Prélude sur l’organisme
Point de repères prône la réduction des méfaits, une approche peu conventionnelle qui vise à agir sur la prévention des conséquences néfastes d’un comportement plutôt que sur le comportement en soi. Ainsi, l’organisme distribue des condoms et du matériel de consommation stérile, comme des seringues, et offre un service de récupération de seringues souillées. C’est un lieu où les personnes qui bénéficient des services de l’organisme peuvent exister pleinement, sans jugement par rapport à leur toxicomanie ; un sujet souvent tabou des autres organismes communautaires. Cette ouverture d’esprit permet aux intervenants de renseigner les utilisateurs des risques de leur consommation et des solutions pour diminuer ceux-ci. Loin d’être moralisateurs, ces employés sont d’une grande écoute pour les participants et d’une empathie énorme.

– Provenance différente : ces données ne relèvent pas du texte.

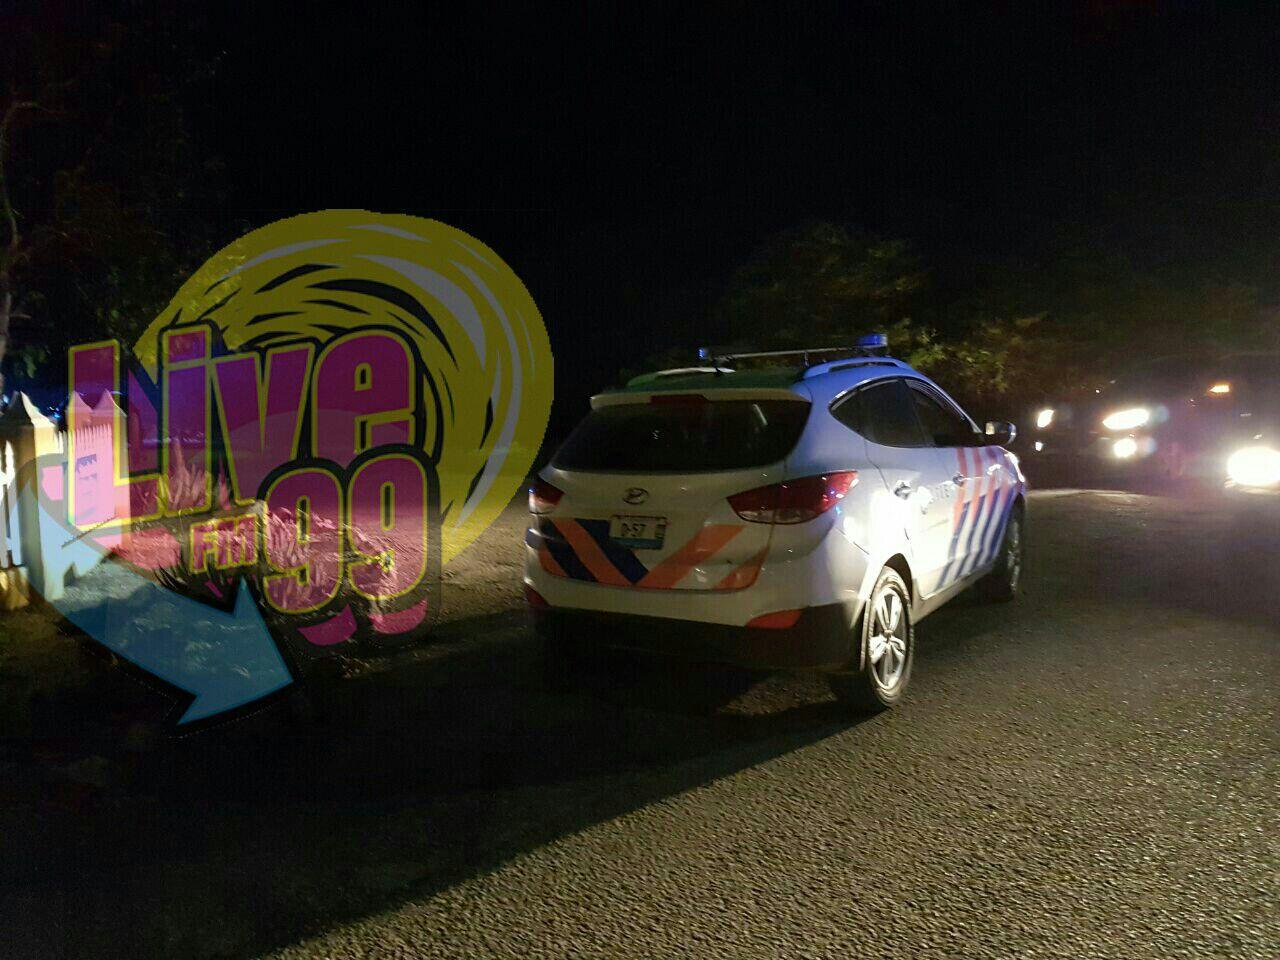 NOTISIA DI POLIS DI DJABIÈRNÈ 4 DI ÒKTOBER PA DJALUNA 7 DI ÒKTOBER 2019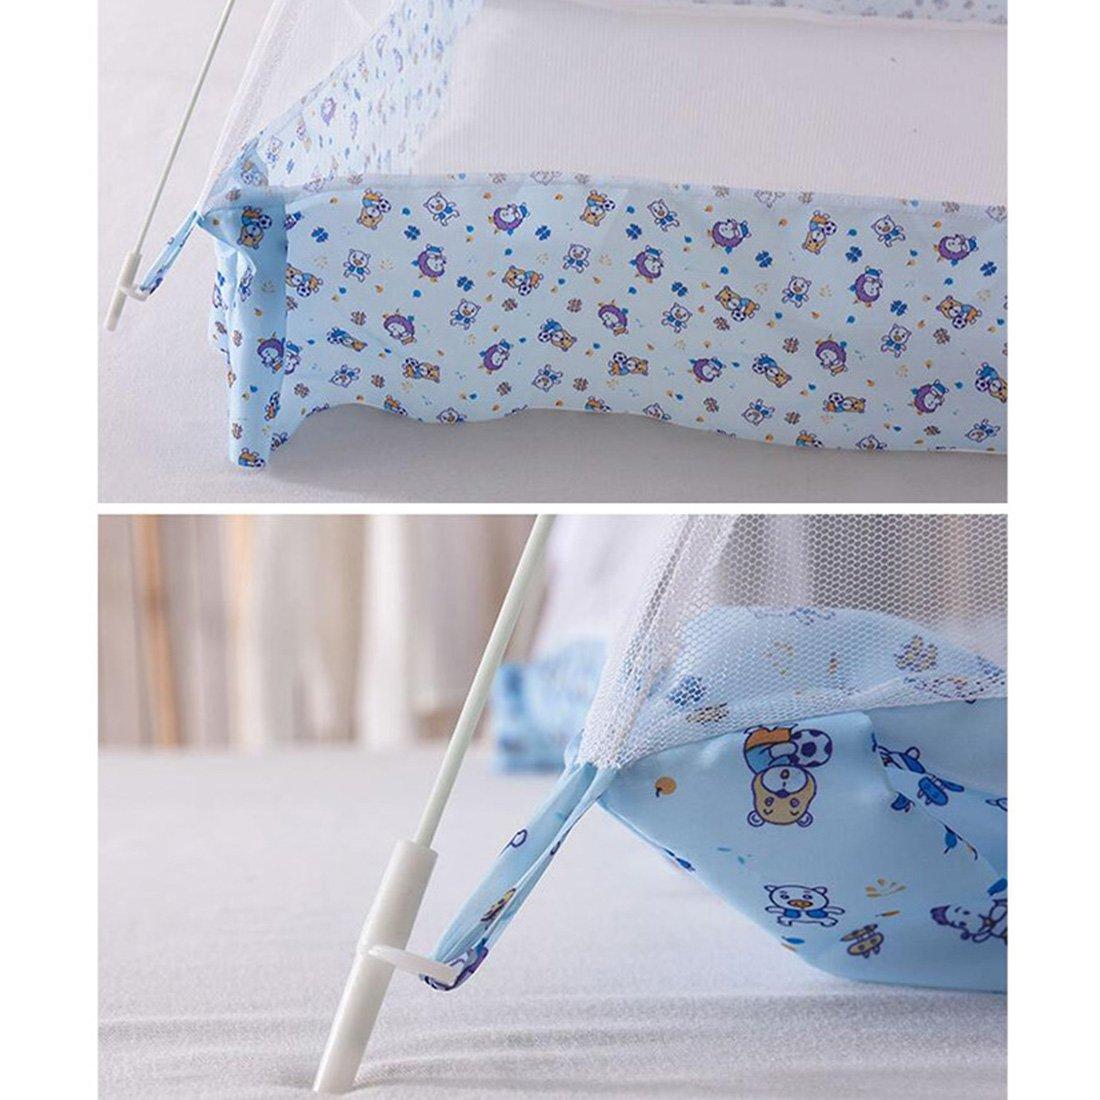 beautylife66 Enfant Moustiquaire Forme de D/ôme Tente Lit Berceau Couffin avec Support Bleu,S

Par ailleurs, cet organisme du quartier Saint-Roch engage aussi bien des professionnels que d’anciens toxicomanes. La clientèle de Point de repères n’est toutefois pas représentative de l’ensemble des toxicomanes, qui peut comprendre avocats, comptables et professionnels de la santé. En effet, l’organisme est majoritairement spécialisé auprès des personnes qui sont soit en situation d’incarcération, pratiquant le travail du sexe, vivant avec le VIH/Sida, les hépatites ou encore en situation d’itinérance ou de désaffiliation.
Point marquant de ma formation professionnelle
Ainsi, le 6 juillet 2015, j’arrive au 225 Dorchester remplie d’attentes, d’appréhensions et, bien malgré moi, de préjugés, loin de m’imaginer à quel point les huit prochaines semaines bouleverseront à tout jamais ma future carrière en tant que médecin. Tout d’abord, mon envie de sortir de ma zone de confort, de vivre des chocs de valeurs et mon ignorance sur ce sujet m’ont poussé à vouloir réaliser ce stage. En outre, consciente de mes préjugés envers cette clientèle, je désirais aller directement à la source pour comprendre leur réalité et de ce fait invalider, ou encore, confirmer mes idées préconçues. Donc, pendant deux mois, à raison de quatre jours par semaine, j’ai été stagiaire, non pas de médecine, mais bien d’intervention en milieu communautaire. Ainsi, j’étais la plupart du temps au site fixe où je discutais avec les participants et où j’ai eu la chance de tisser des liens avec des personnes extraordinaires. Le langage cru et même vulgaire et les sujets touchants au sexe et à la drogue faisaient partie du pain quotidien. Cependant, cela démontre bien la confiance des participants envers l’organisme. D’ailleurs, j’ai eu l’occasion d’entendre plusieurs histoires de vie au cours de mon stage, ce qui m’a été d’une grande aide pour comprendre la réalité et le cheminement des participants de Point de repères.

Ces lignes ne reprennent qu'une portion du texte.